PROVIDED DATA -

****

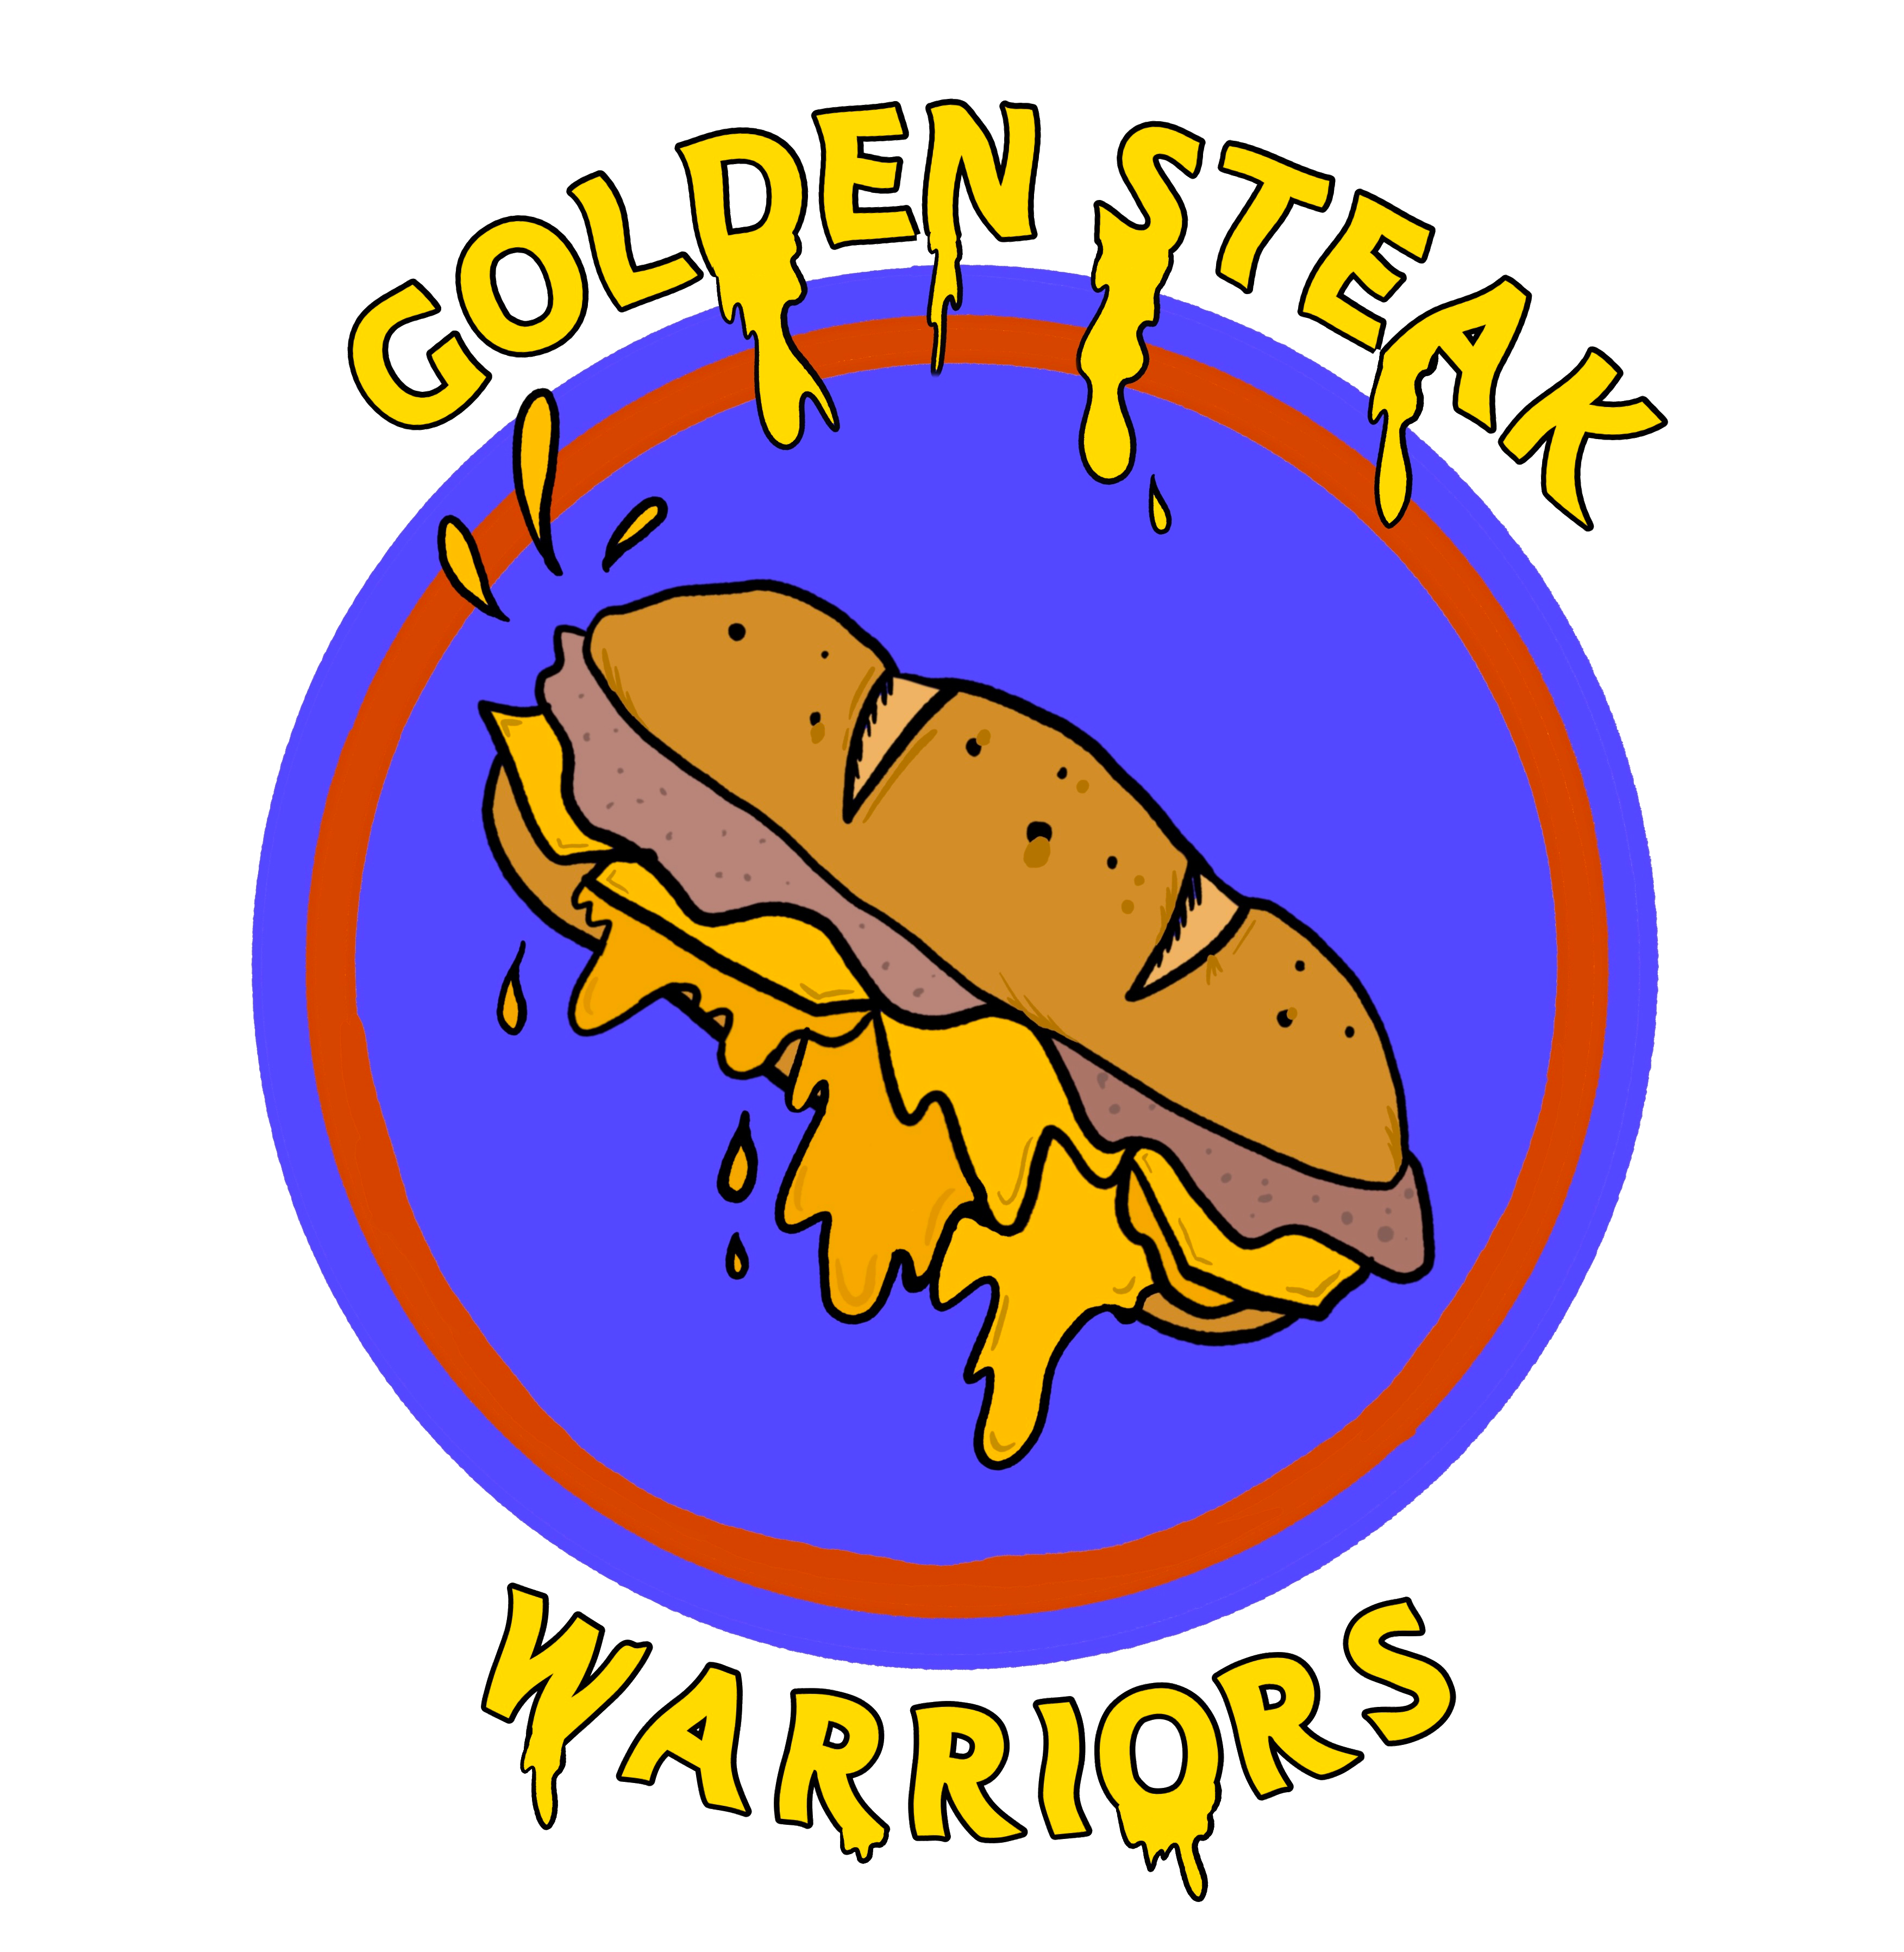 Golden Steak Warriors logo
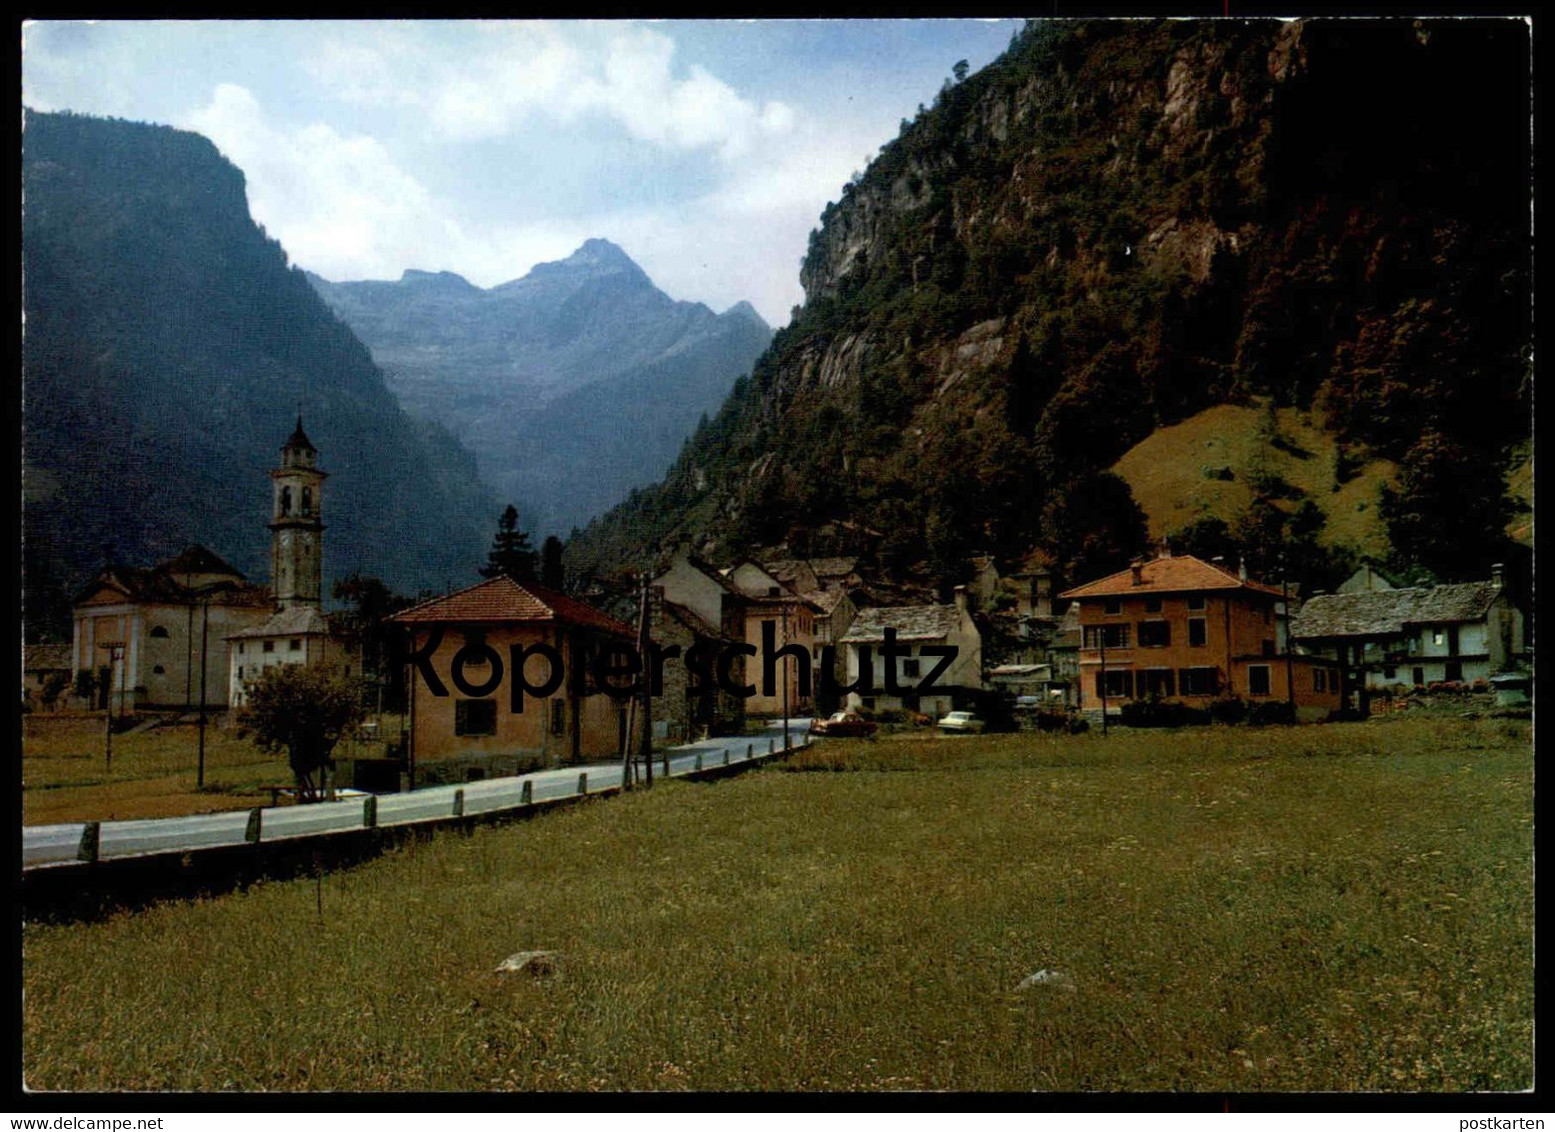 ÄLTERE POSTKARTE SONOGNO VALLE VERZASCA TICINO Tessin Suisse Switzerland Schweiz Helvetia Ansichtskarte AK Postcard Cpa - Sonogno
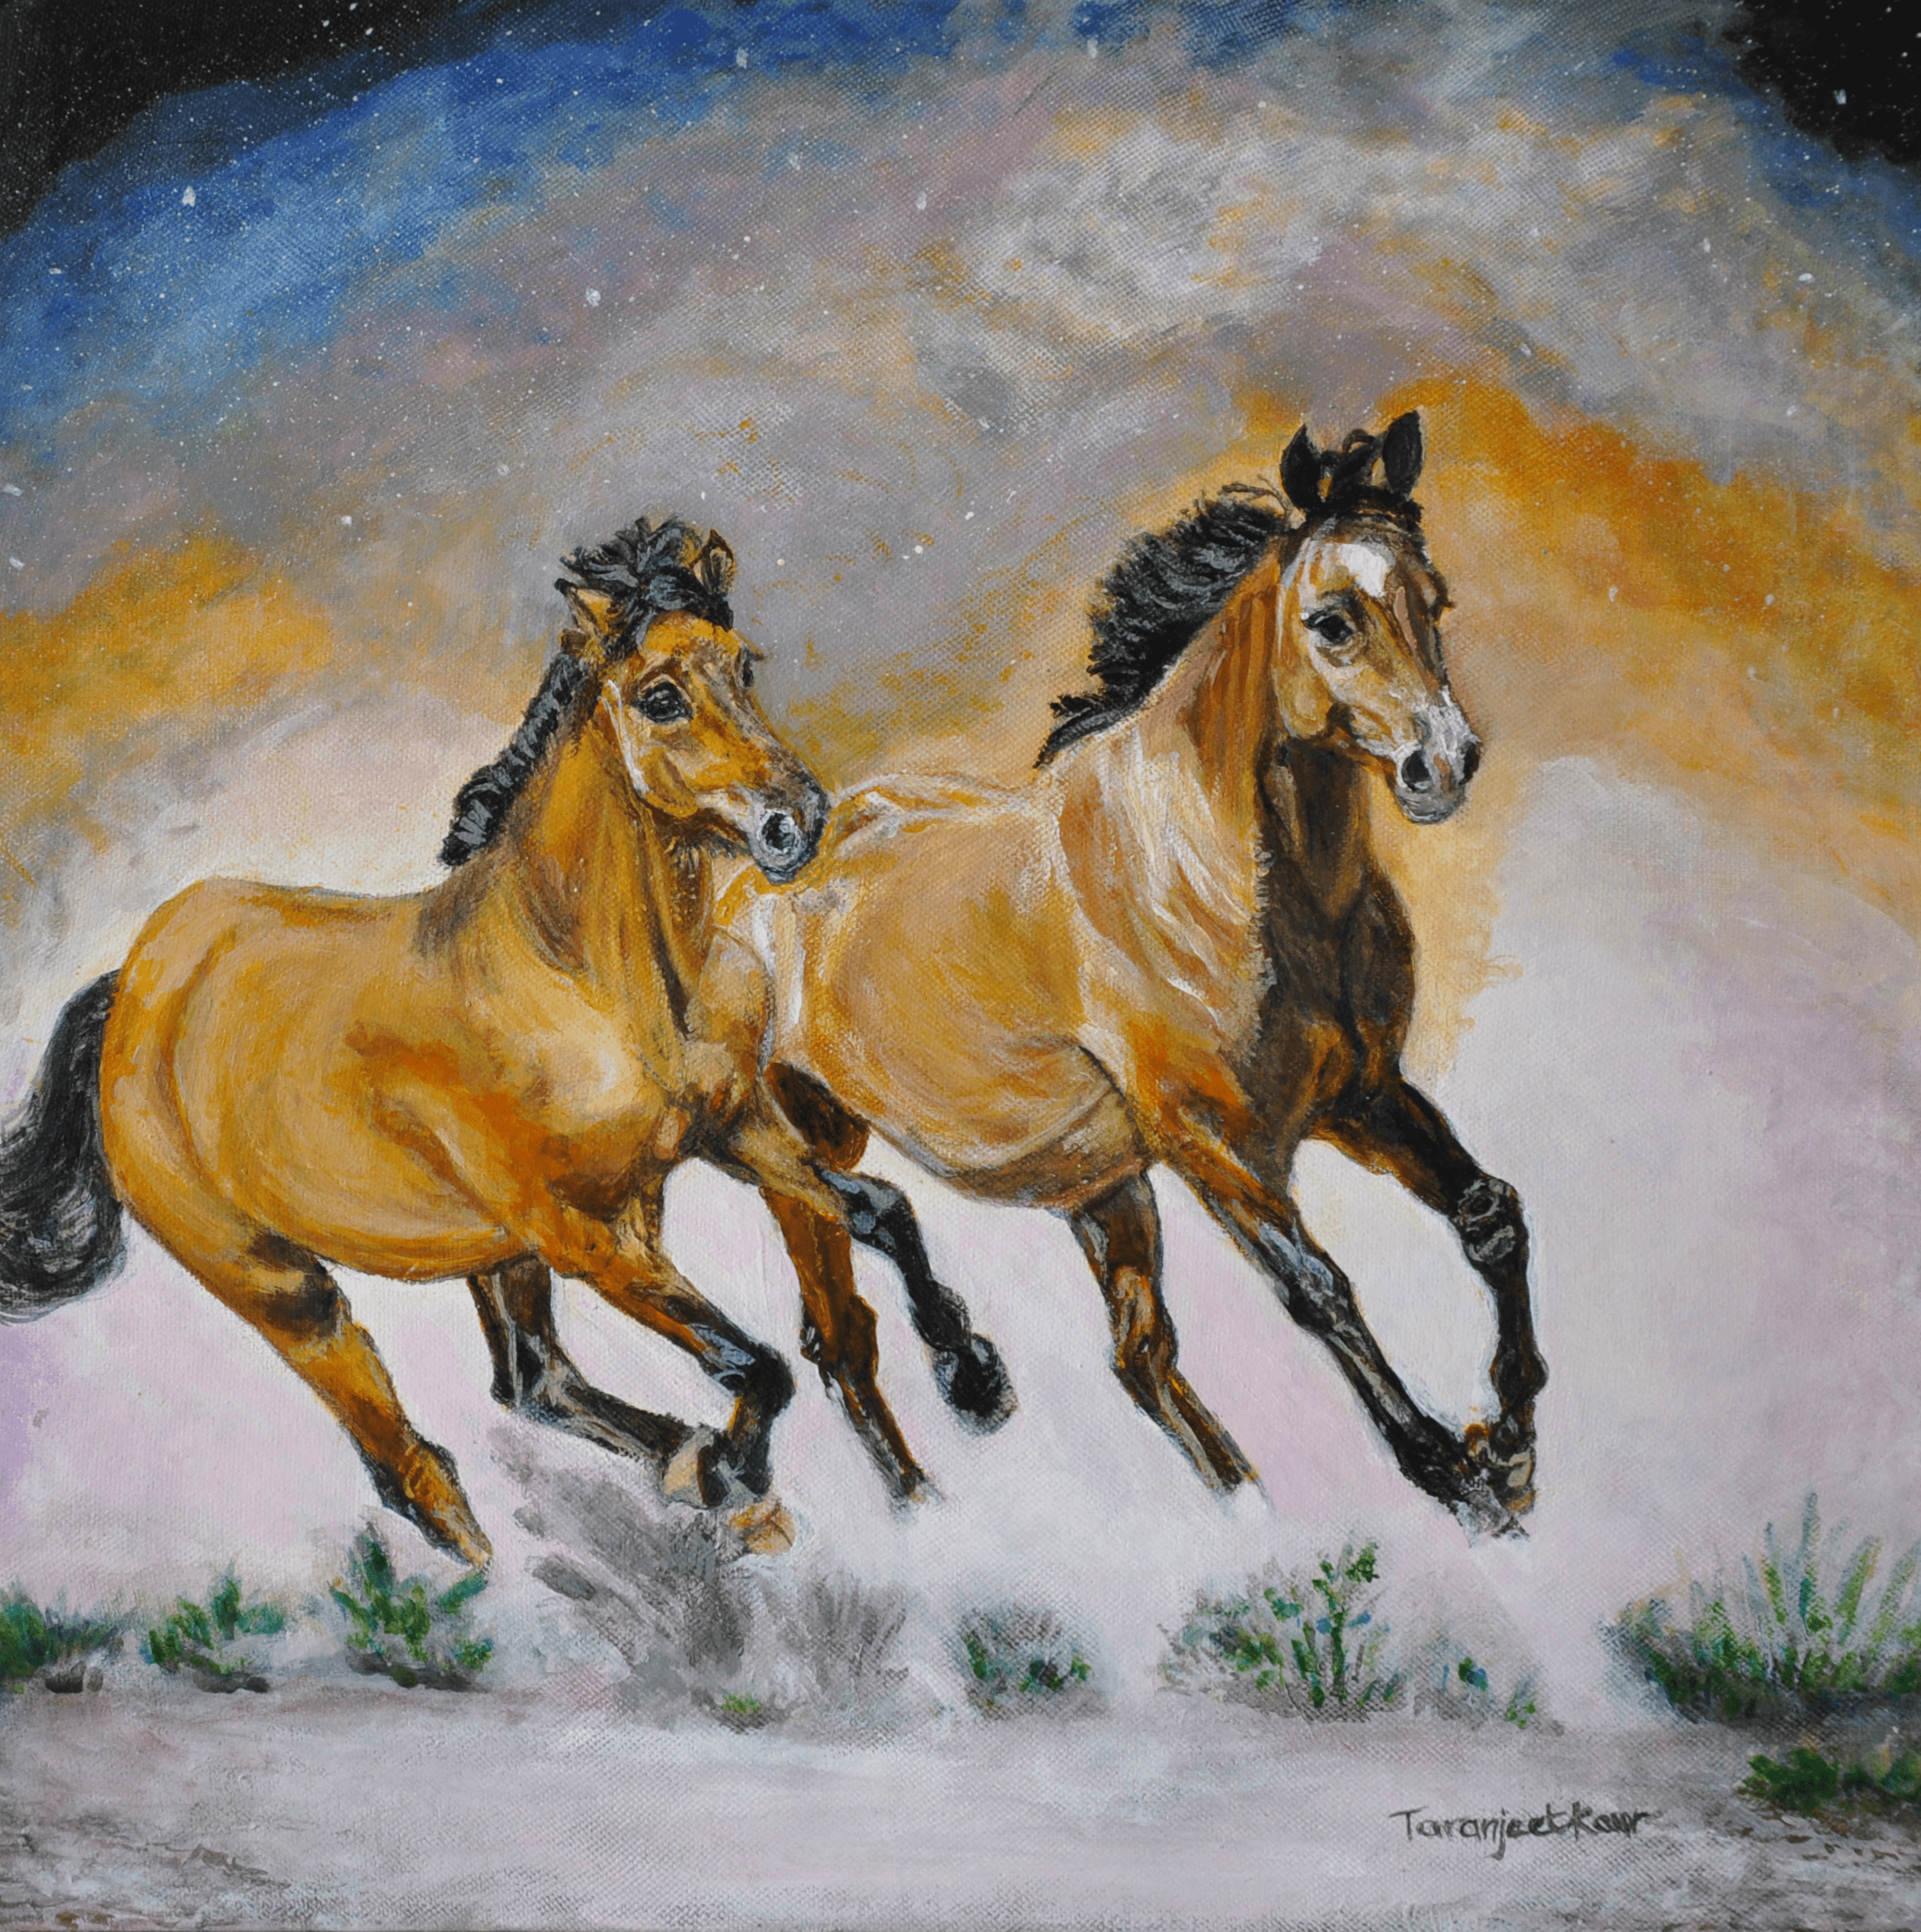 running horses

****

EXERCISE GOAL -
Leave the pictures out and retype only the lines from the line with "ÄLTERE POSTKARTE SONOGNO" through the final line of the material, both ends included, word for word.

YOUR SOLUTION -
 ÄLTERE POSTKARTE SONOGNO VALLE VERZASCA TICINO Tessin Suisse Switzerland Schweiz Helvetia Ansichtskarte AK Postcard Cpa - Sonogno
 running horses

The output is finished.